Just sit here with me. Remain in me and I will remain in you.
John 15:4 ~ No branch can bear fruit by itself; it must remain in the vine. Neither can you bear fruit unless you remain in me.
[Read the rest of this passage here.]
What kind of branch am I when my mood is out of control? [if you are new around here, I have Bipolar II Disorder] Over the past few days I have been a little less stable. A little louder, a little more animated. A little less inclined to do the work I should be doing. Where am I then and how can I remain in you, Lord?

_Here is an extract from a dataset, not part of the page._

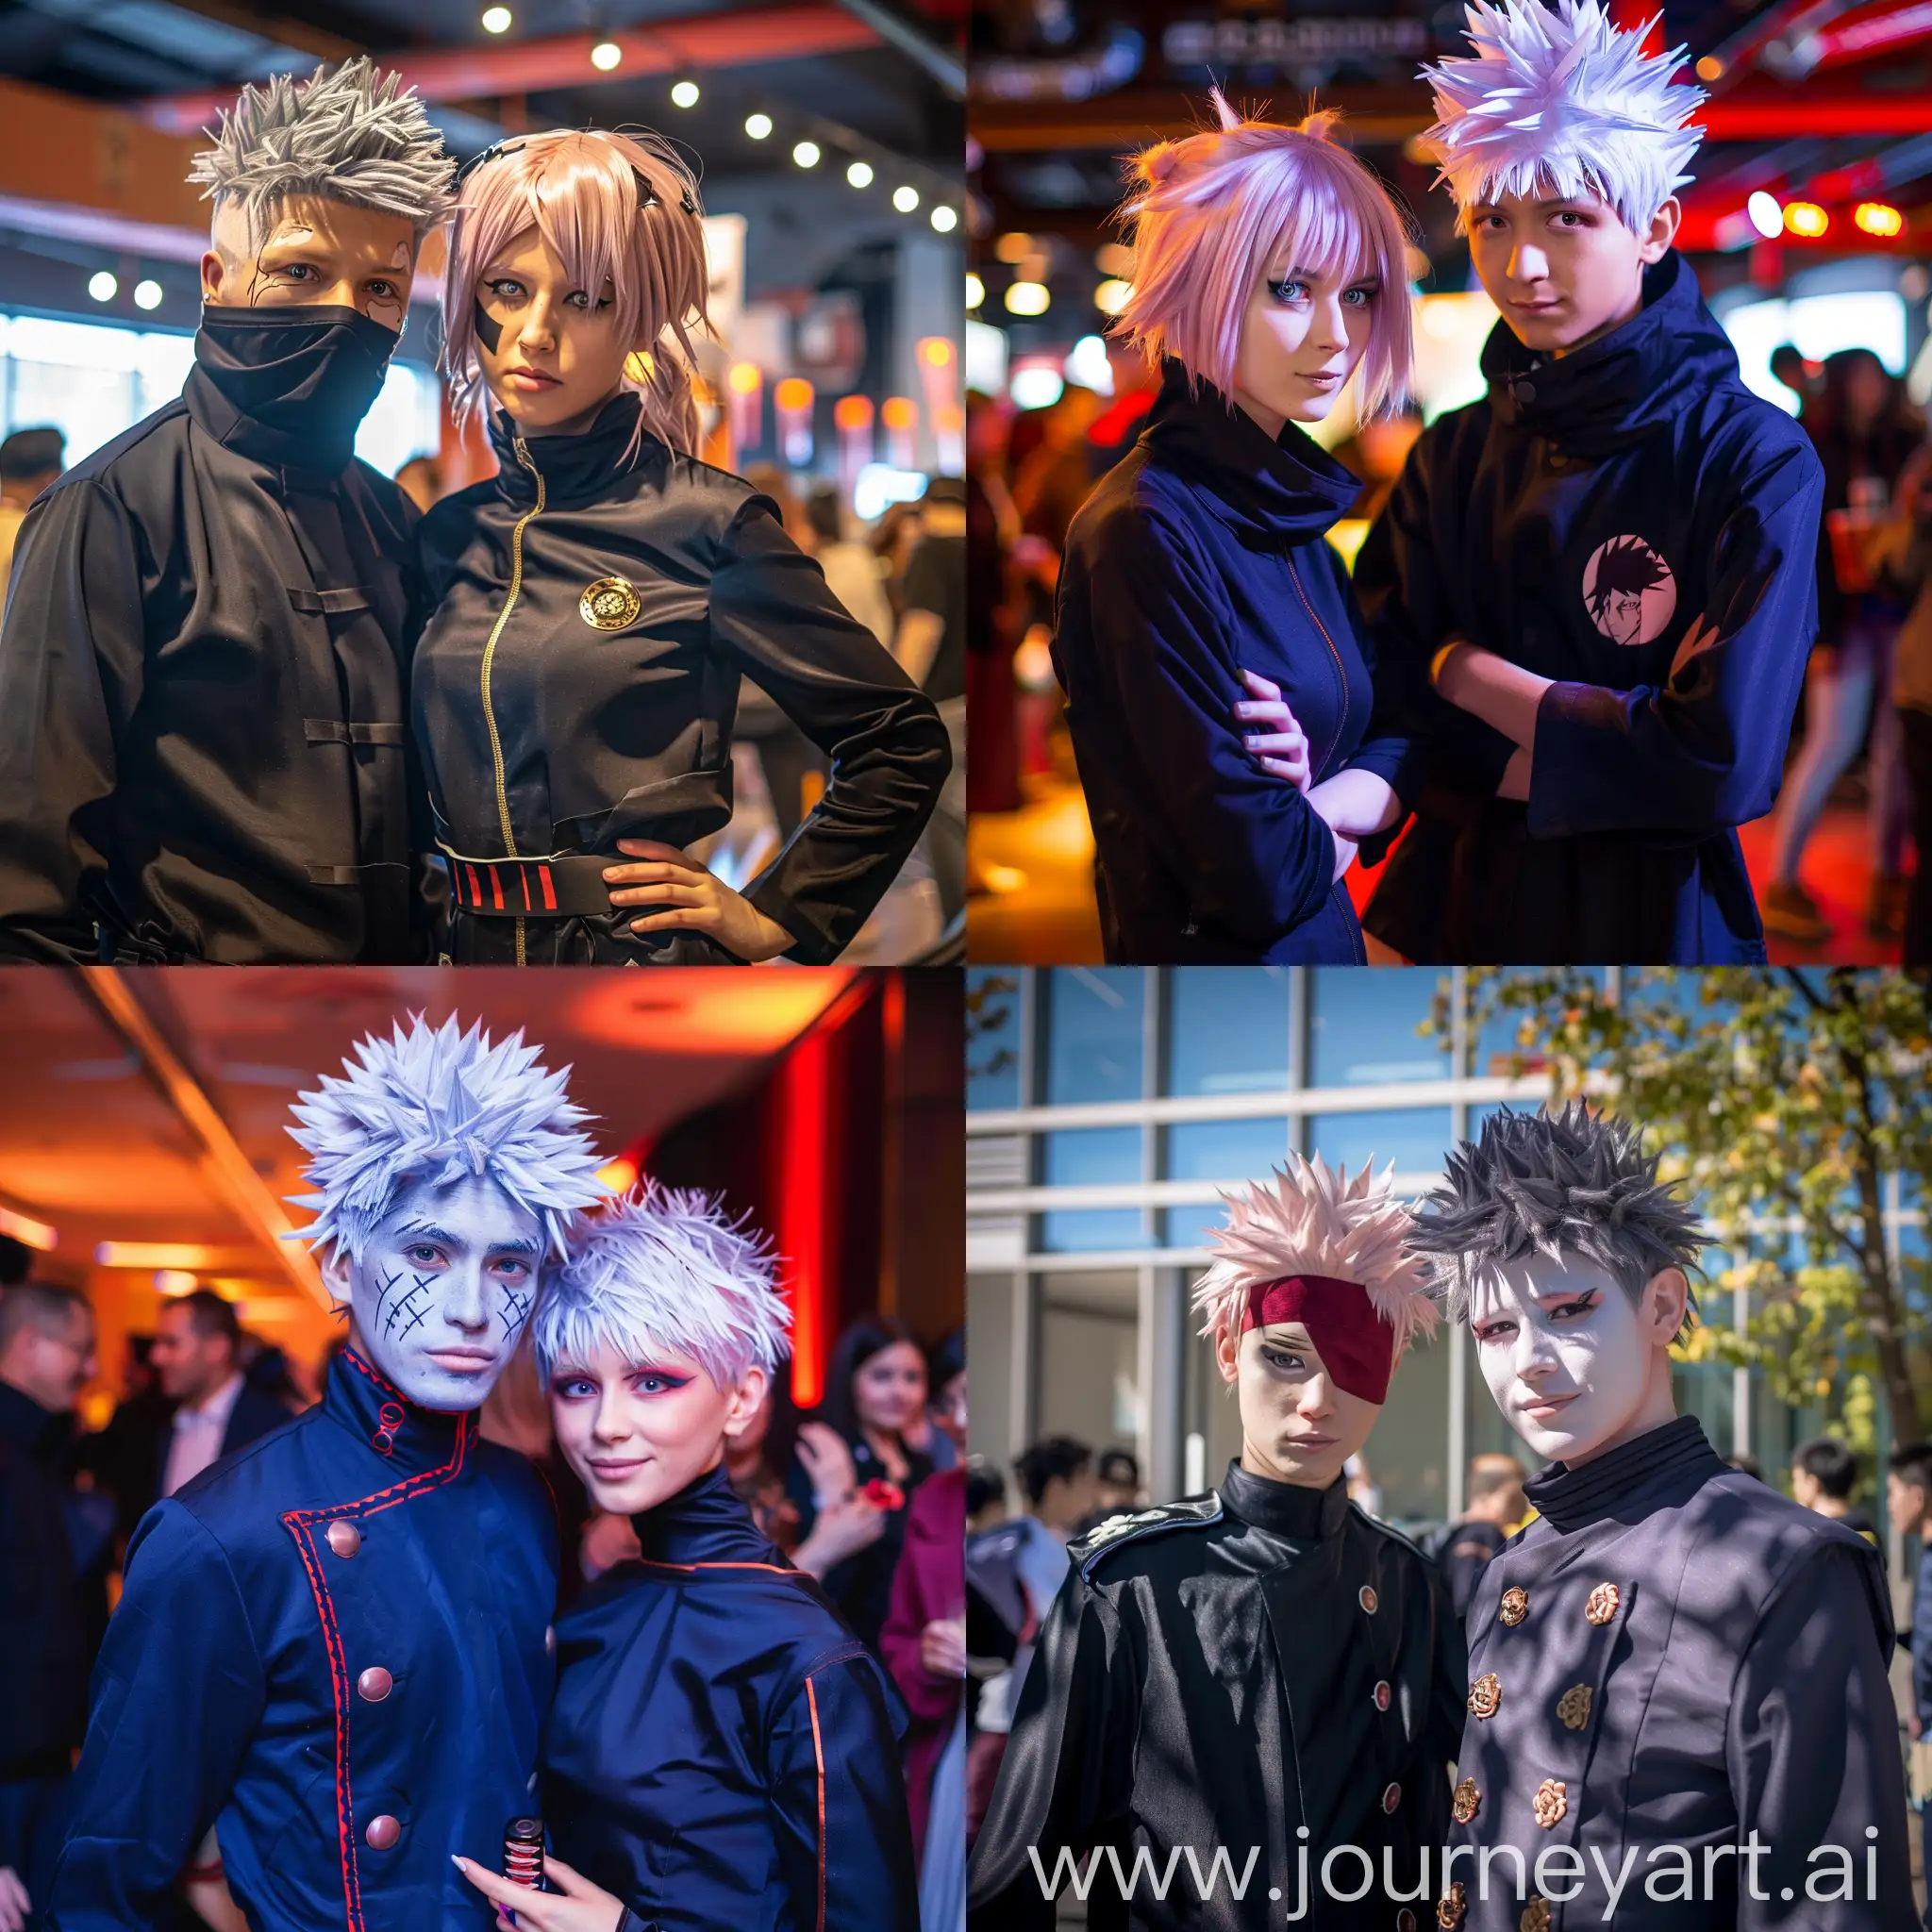 Gojo with the anime "Jujutsu Kaisen" at a social event in costume

The fox may come and steal some of your fruit. Even if he steals ALL of it, you are still Mine. You are still on the Vine, grafted in and you will again bear fruit in season. I may prune you but I will never completely cut you off. You are mine and I chose you.
The enemy wants me to think I am totally fruitless when I am manic or depressed or just not functioning well. He wants me to think that I am already cut off and withering, ready to be thrown into the fire. With Christ alive in me, that is not true. With Christ alive in me, God is always still doing something. Even though all of the Fruits of the Spirit are never operating at 100%, there is still always something. If I am not patient and kind, I may still be faithful to take care of my family. If I do not have a full measure of joy, I can still love the Lord and my family. Stupid enemy tricks!! Trying to make me think I have to have the whole list in order to be "bearing fruit." Sad how he has taken this beautiful passage, one of my most favorite and twisted it and tried to throw it in my face.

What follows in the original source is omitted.